StreamSplat: Online Dynamic 3D Reconstruction from Uncalibrated Video Streams

Figure 1. Given an uncalibrated video stream, StreamSplat performs instant reconstruction of dynamic 3D Gaussian scenes in an online manner, enabling video reconstruction, interpolation, depth estimation, and novel view synthesis.

Abstract

Real-time reconstruction of dynamic 3D scenes from uncalibrated video streams demands robust online methods that recover scene dynamics from sparse observations under strict latency and memory constraints. Yet most dynamic reconstruction methods rely on hours of per-scene optimization under full-sequence access, limiting practical deployment.

In this work, we introduce StreamSplat, a fully feed-forward framework that instantly transforms uncalibrated video streams of arbitrary length into dynamic 3D Gaussian Splatting (3DGS) representations in an online manner.

It is achieved via three key technical innovations: 1) a probabilistic sampling mechanism that robustly predicts 3D Gaussians from uncalibrated inputs; 2) a bidirectional deformation field that yields reliable associations across frames and mitigates long-term error accumulation; 3) an adaptive Gaussian fusion operation that propagates persistent Gaussians while handling emerging and vanishing ones.
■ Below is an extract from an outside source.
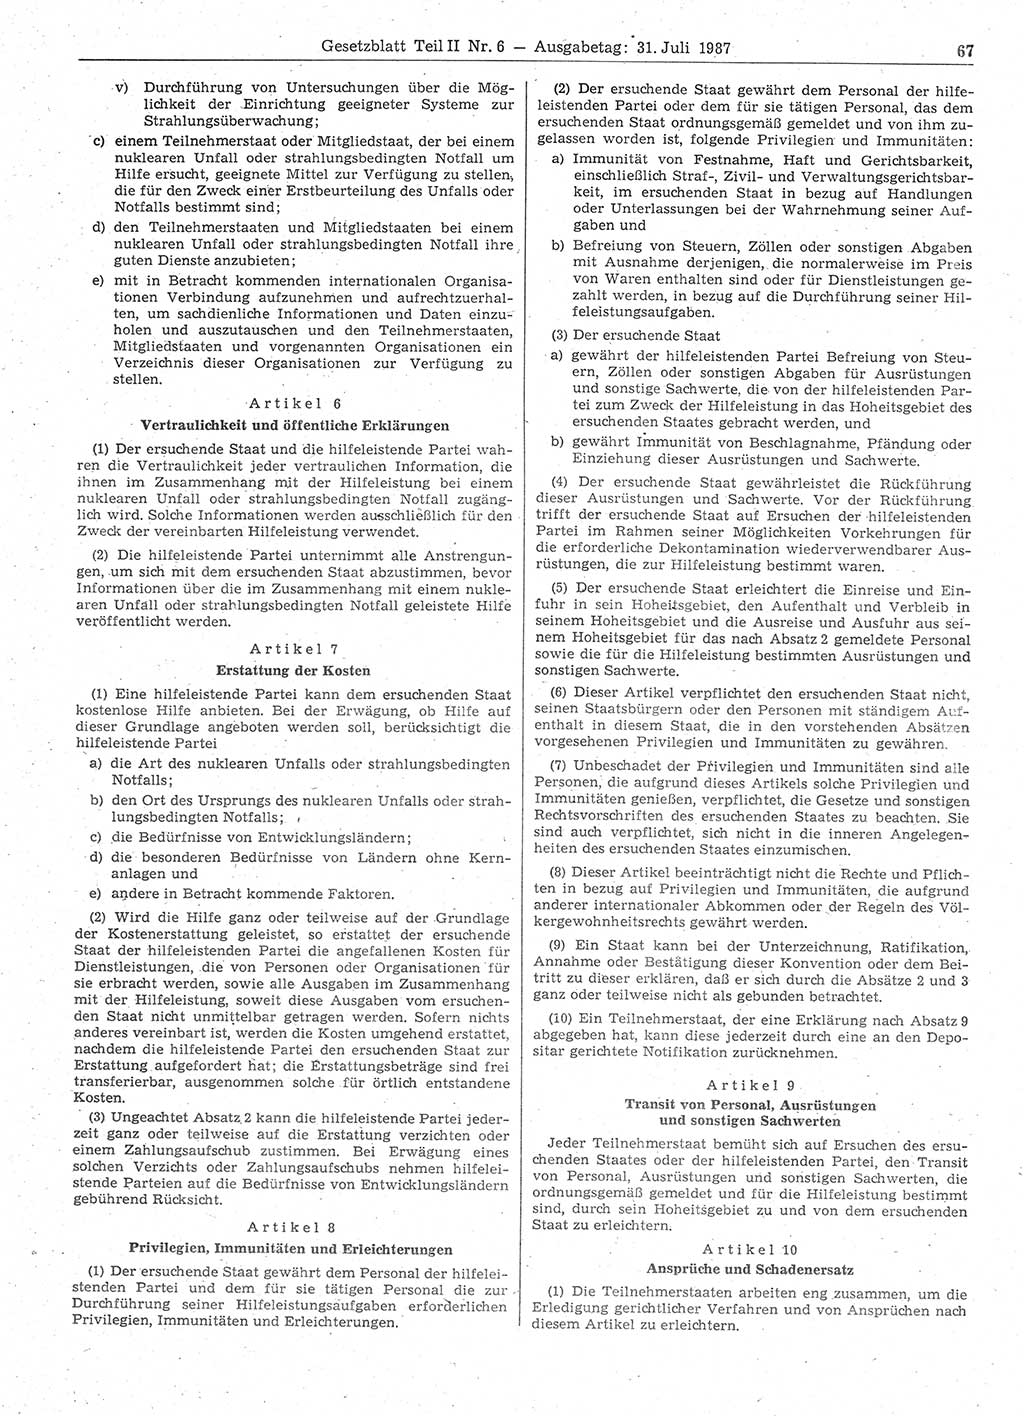 Gesetzblatt (GBl.) der Deutschen Demokratischen Republik (DDR) Teil ⅠⅠ 1987, Seite 67 (GBl. DDR ⅠⅠ 1987, S. 67)

Extensive experiments on standard dynamic and static benchmarks demonstrate that StreamSplat achieves state-of-the-art reconstruction quality and dynamic scene modeling. Uniquely, our method supports the online reconstruction of arbitrarily long video streams with a 1200× speedup over optimization-based methods. 🚀

Key Features

⚡

Feed-Forward

No per-scene optimization. Instant 3D reconstruction in a single forward pass.

📷

Camera-Free

Works directly with uncalibrated monocular video — no camera poses needed.

🌊

Dynamic Scenes

Handles both static and dynamic elements via bidirectional deformation fields.

♾️

Online & Infinite

Processes arbitrarily long video streams with constant memory via online inference.

Video Results

Qualitative comparisons of StreamSplat against competing methods, and demonstrations of 3D Gaussian point tracking.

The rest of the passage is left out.